___ Data ___
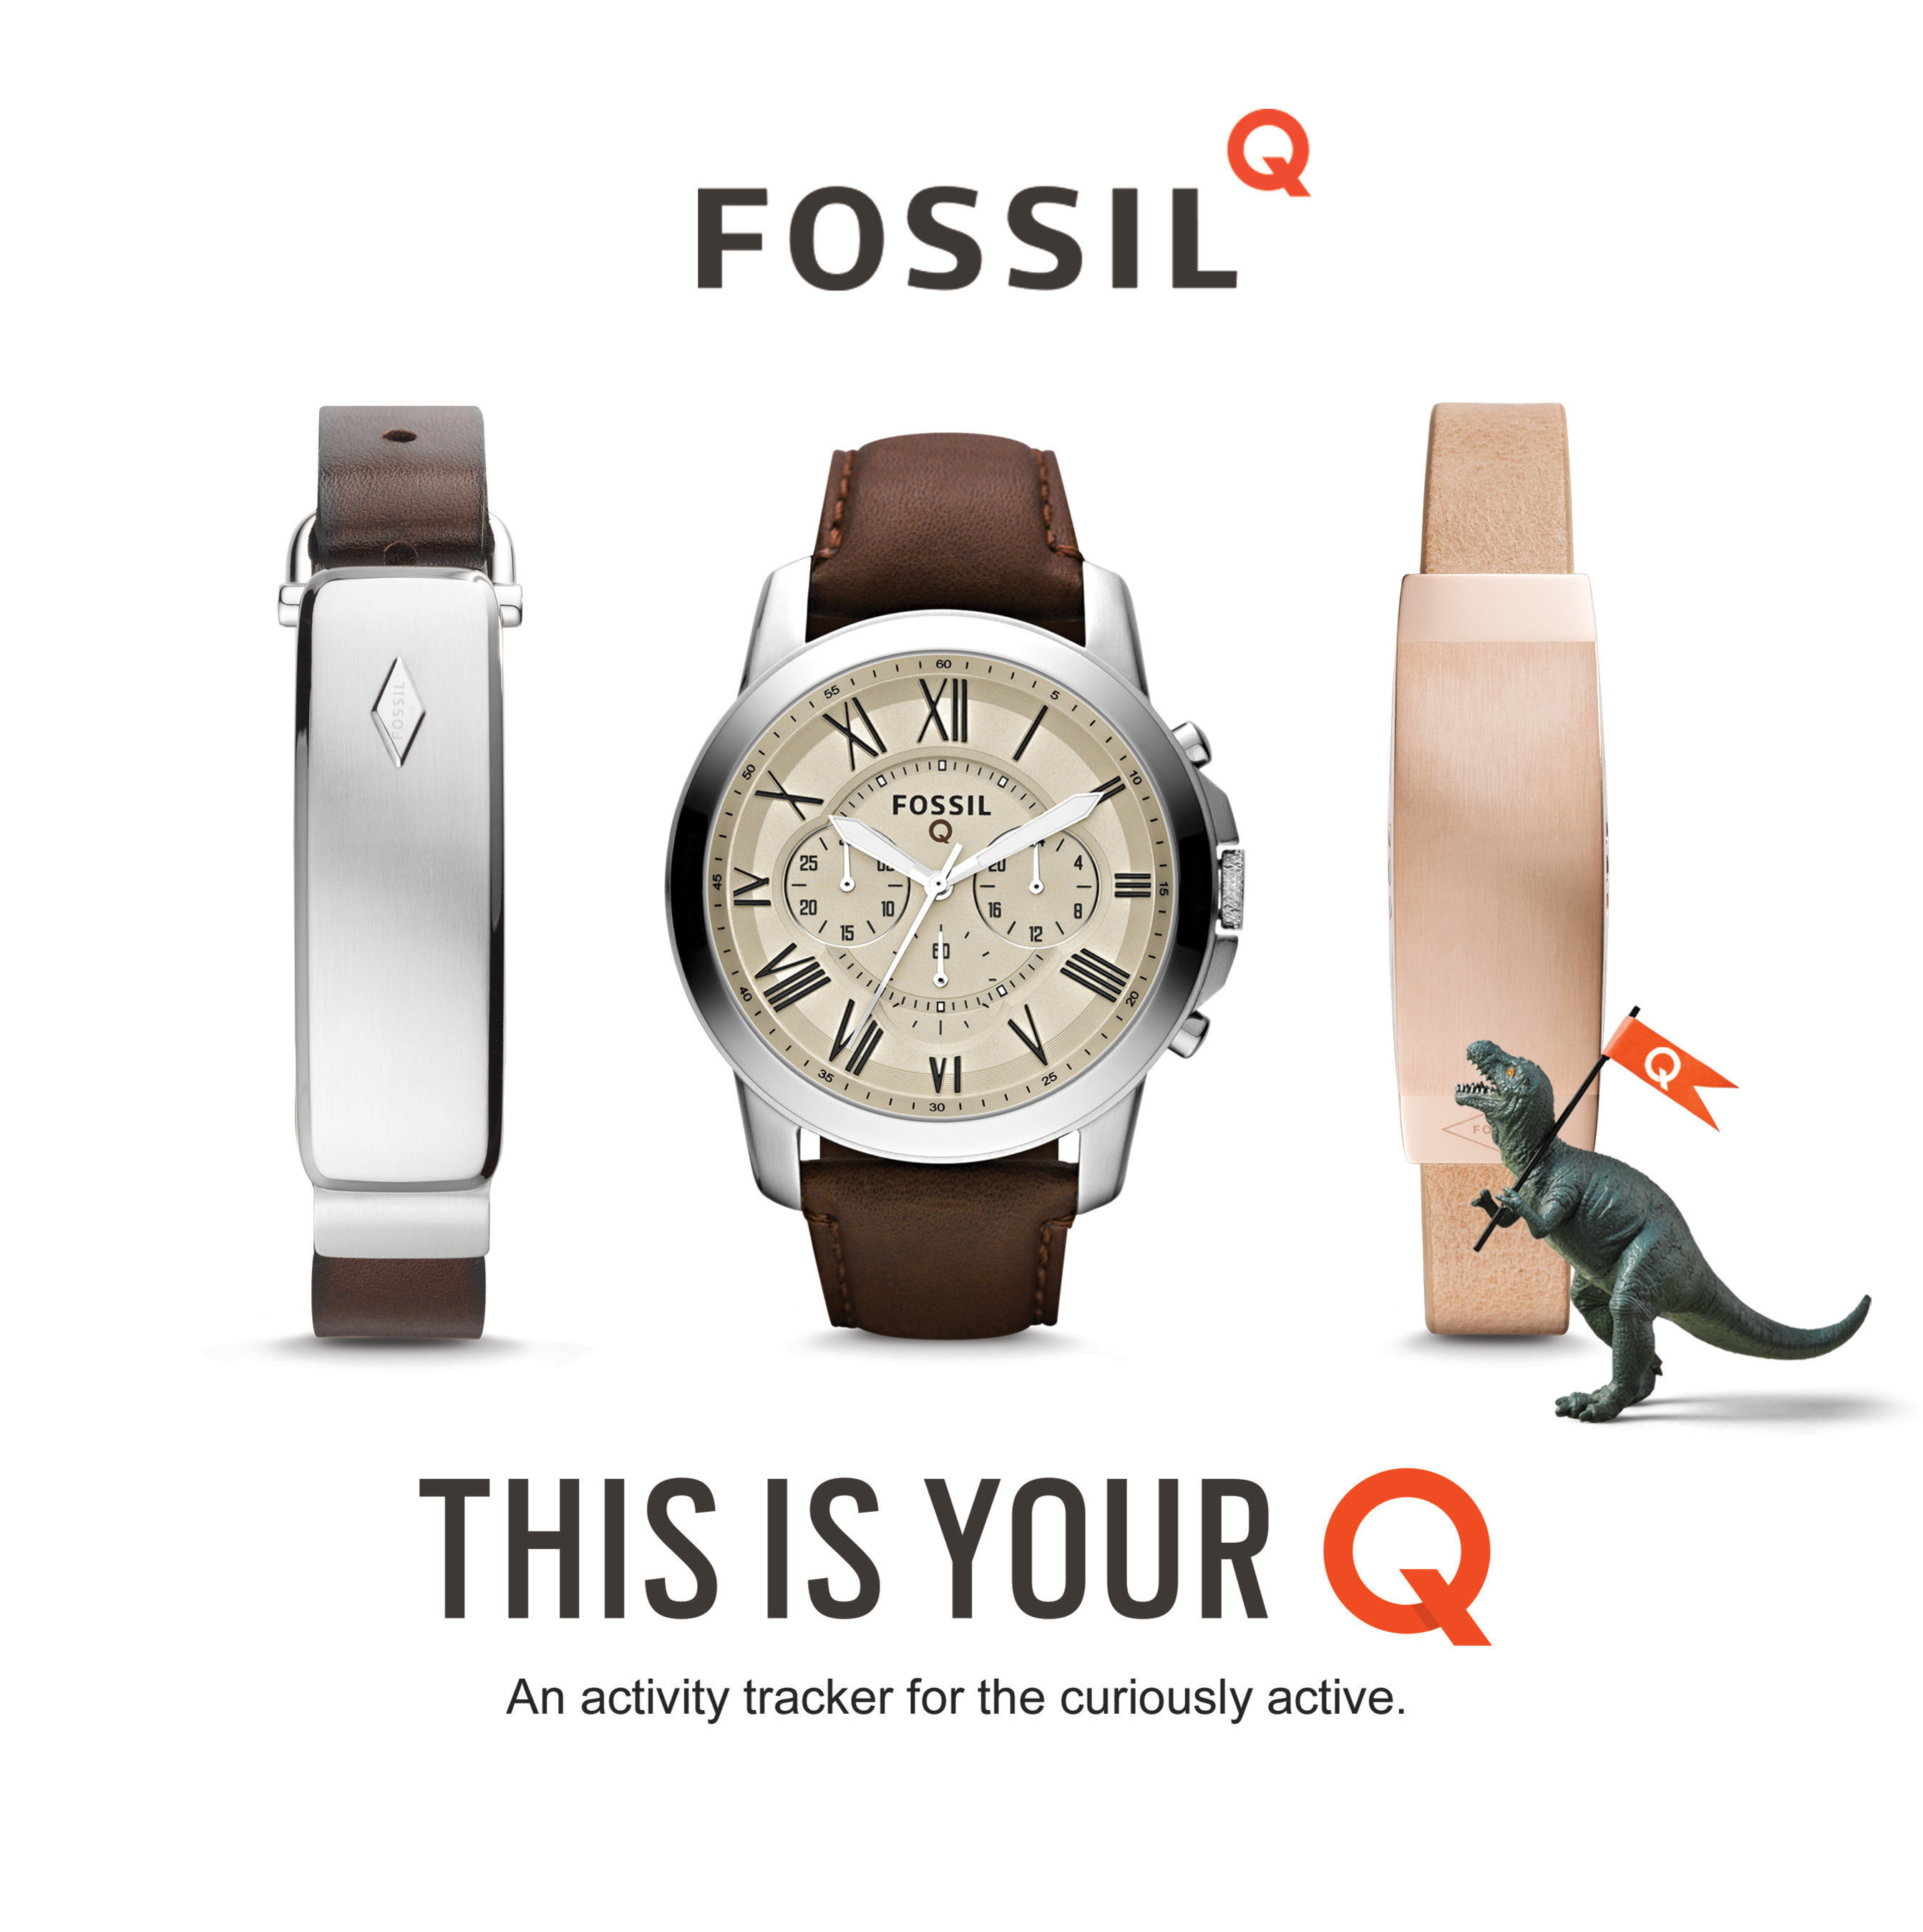 Introducing: Fossil Q. The connected accessory that fits your style, tracks your steps, and keeps you curious. With two types of connected watches (both display and non-display) and two styles of connected bracelets (one for men and one for women), there's something for everyone. Fashion meets function in stores October 25.
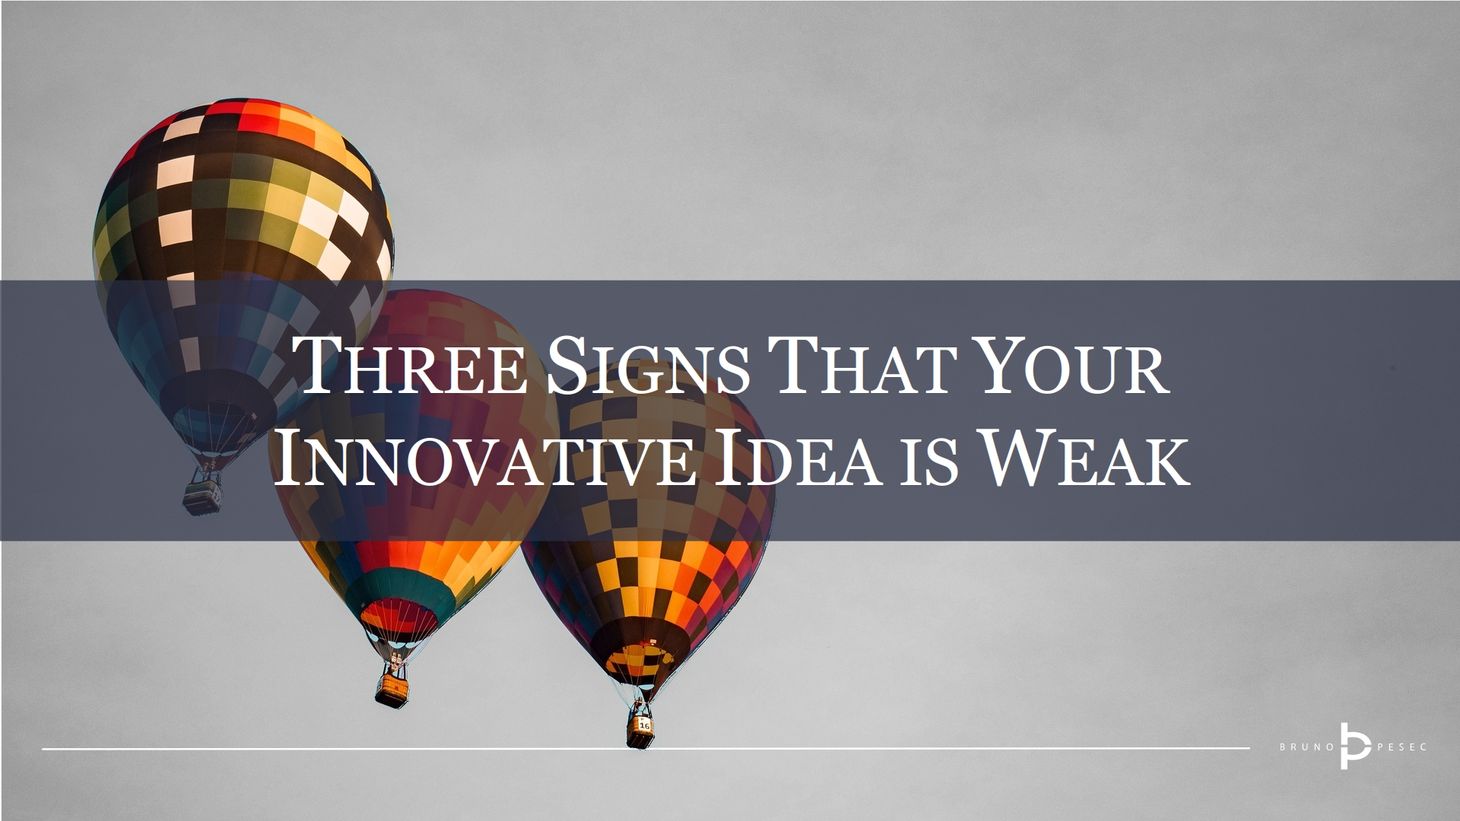 Three signs that your innovative idea is weak
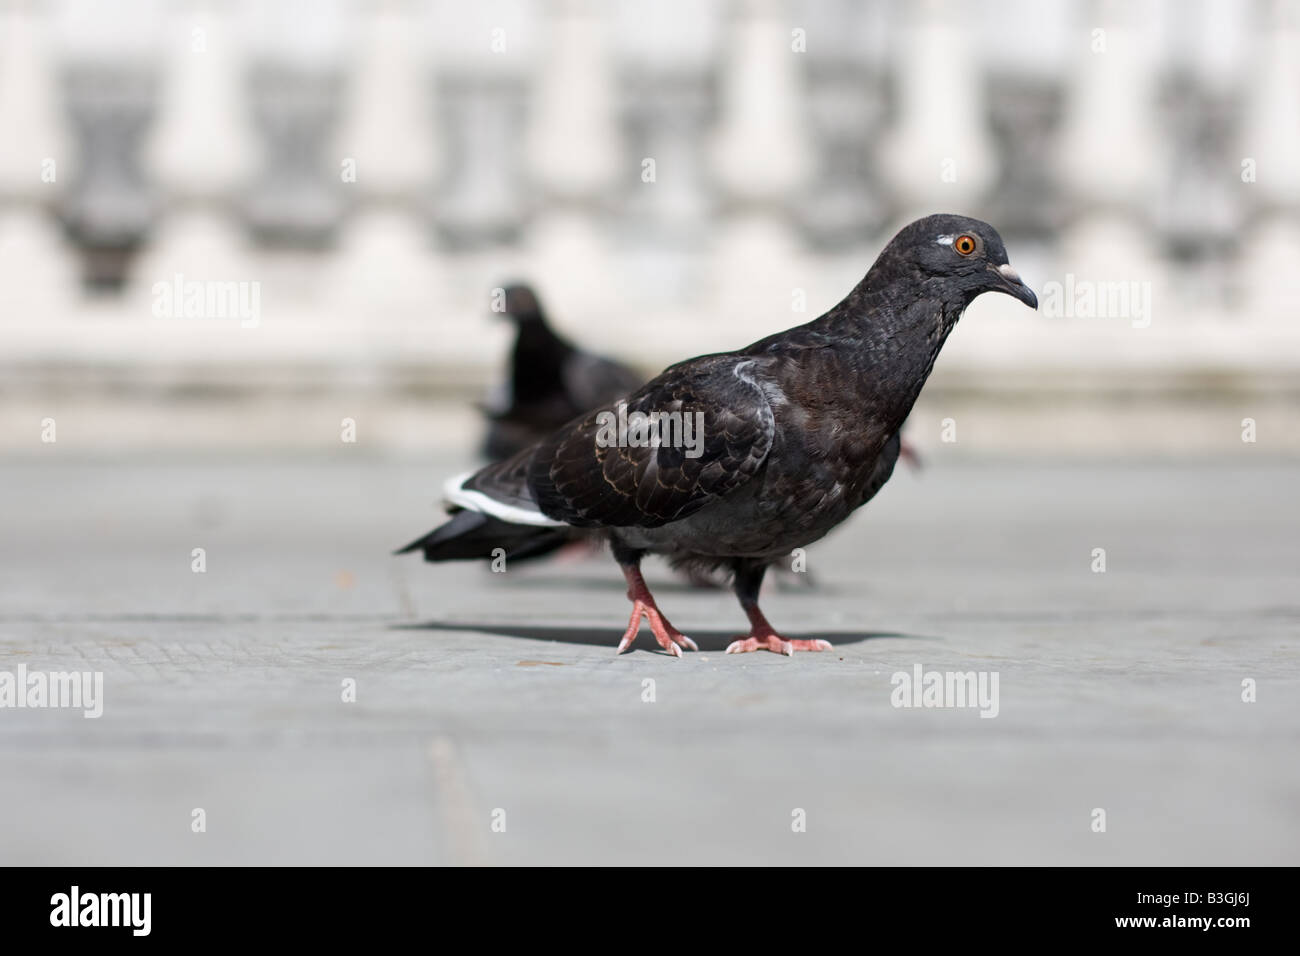 London feral pigeon with narrow depth of field Stock Photo
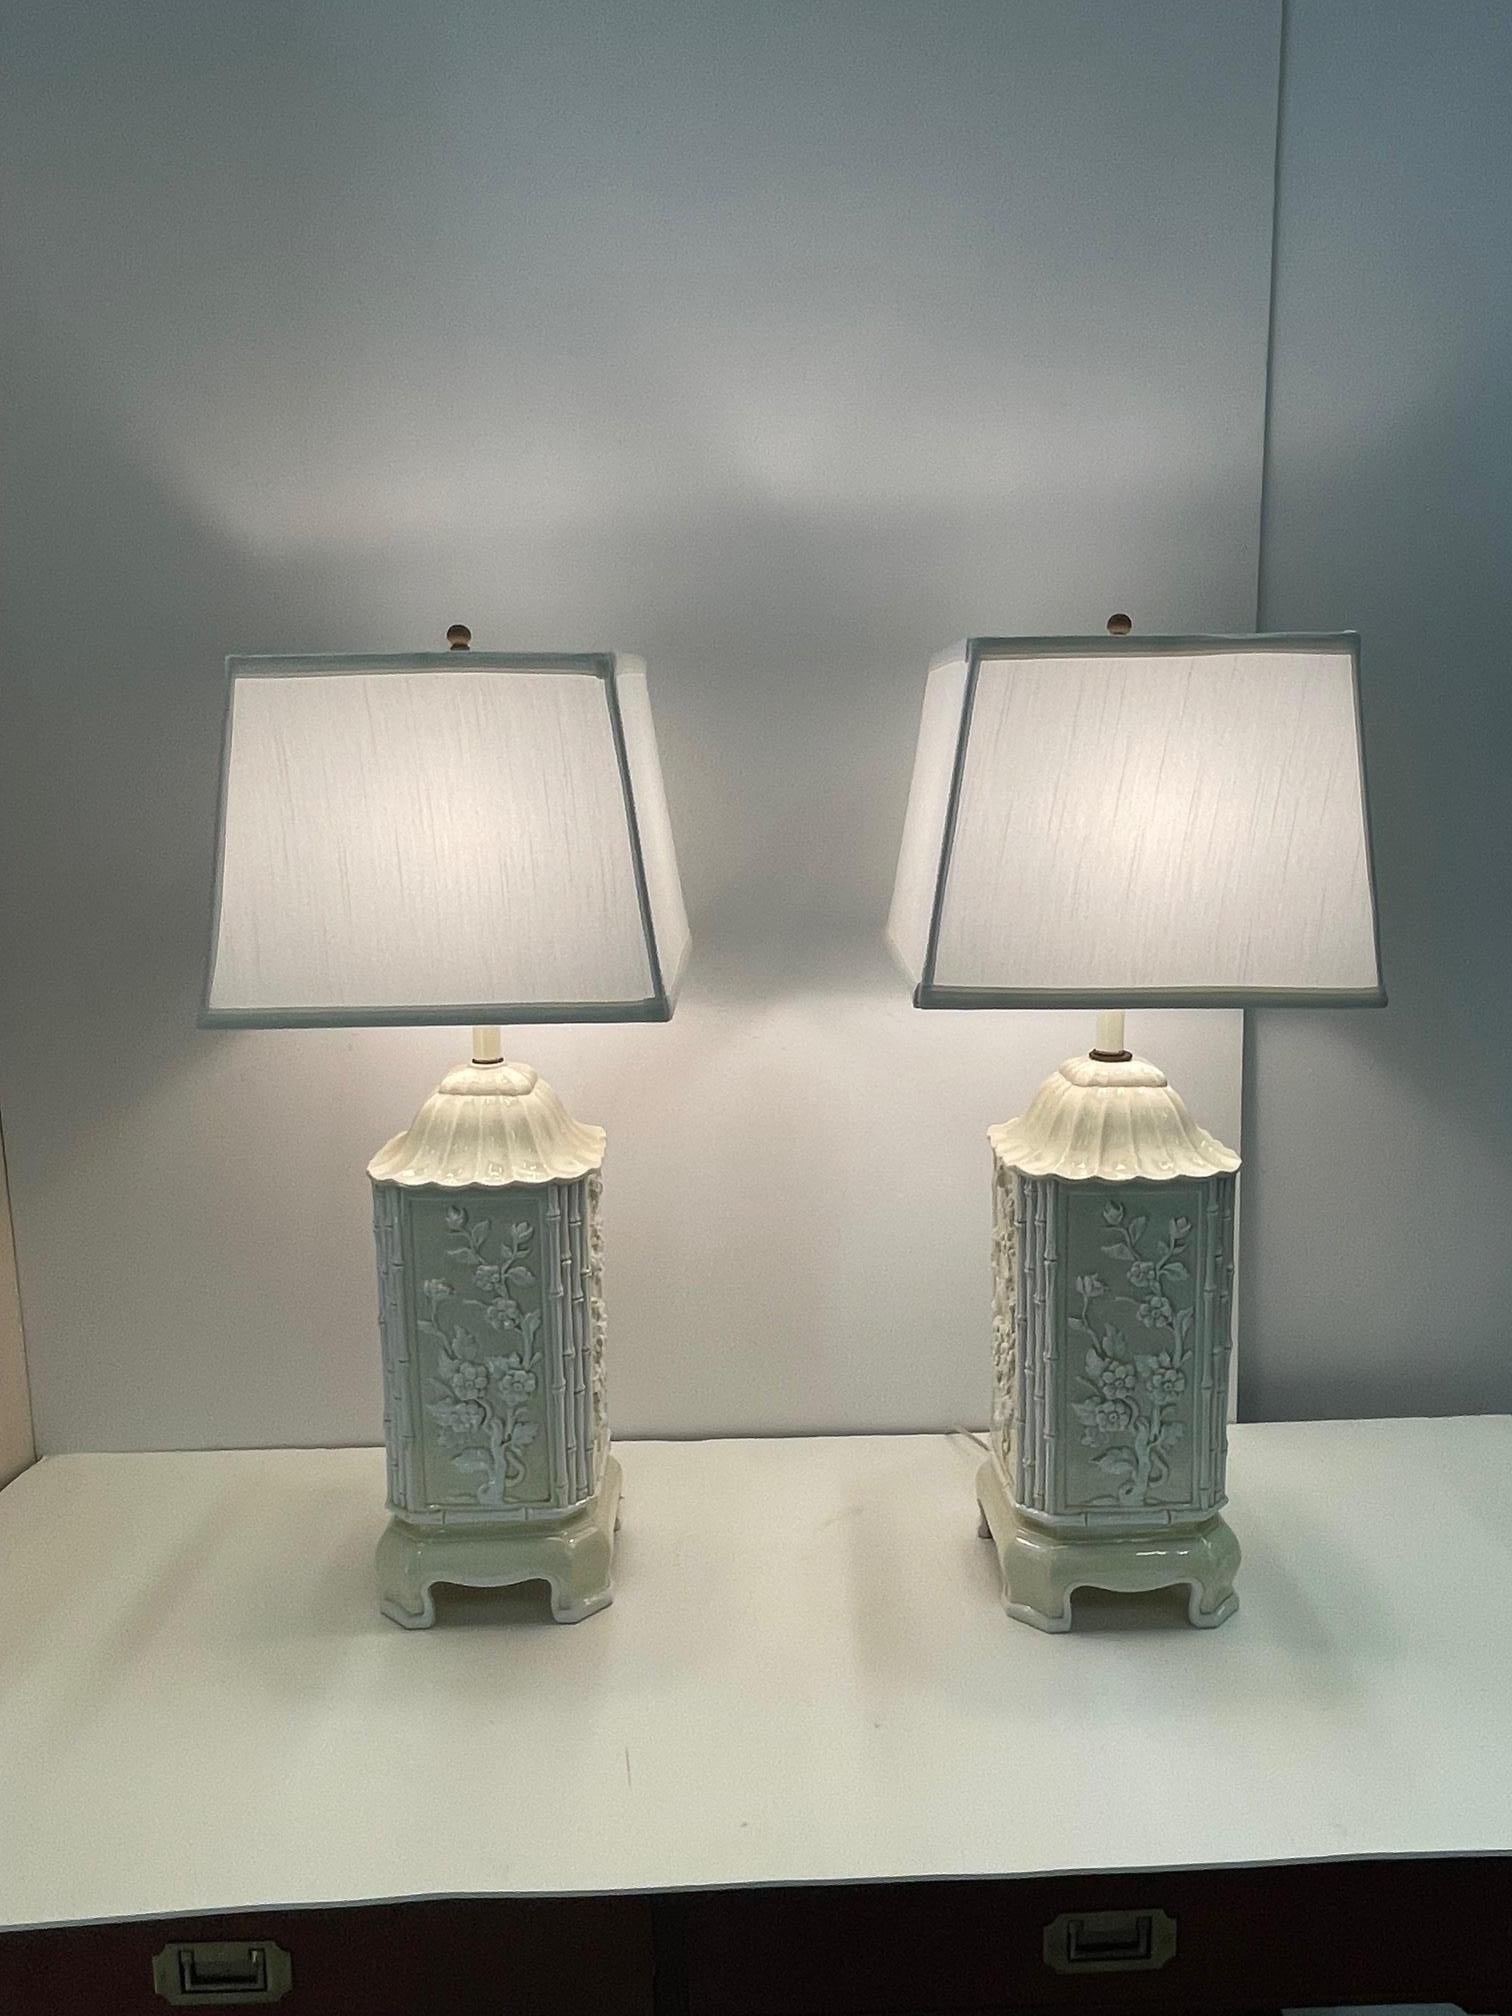 Lovely pair of Italian ceramic table lamps having khaki very light yellow beige background and white raised bamboo and floral decoration. The lamps have an Asian flair with pagoda design and raised stands.
___
» What to produce:
Each line of the material above should be set down exactly, with no pictures.

» Output for this task:
 Introducing: Fossil Q. The connected accessory that fits your style, tracks your steps, and keeps you curious. With two types of connected watches (both display and non-display) and two styles of connected bracelets (one for men and one for women), there's something for everyone. Fashion meets function in stores October 25.
 Three signs that your innovative idea is weak
 London feral pigeon with narrow depth of field Stock Photo
 Lovely pair of Italian ceramic table lamps having khaki very light yellow beige background and white raised bamboo and floral decoration. The lamps have an Asian flair with pagoda design and raised stands.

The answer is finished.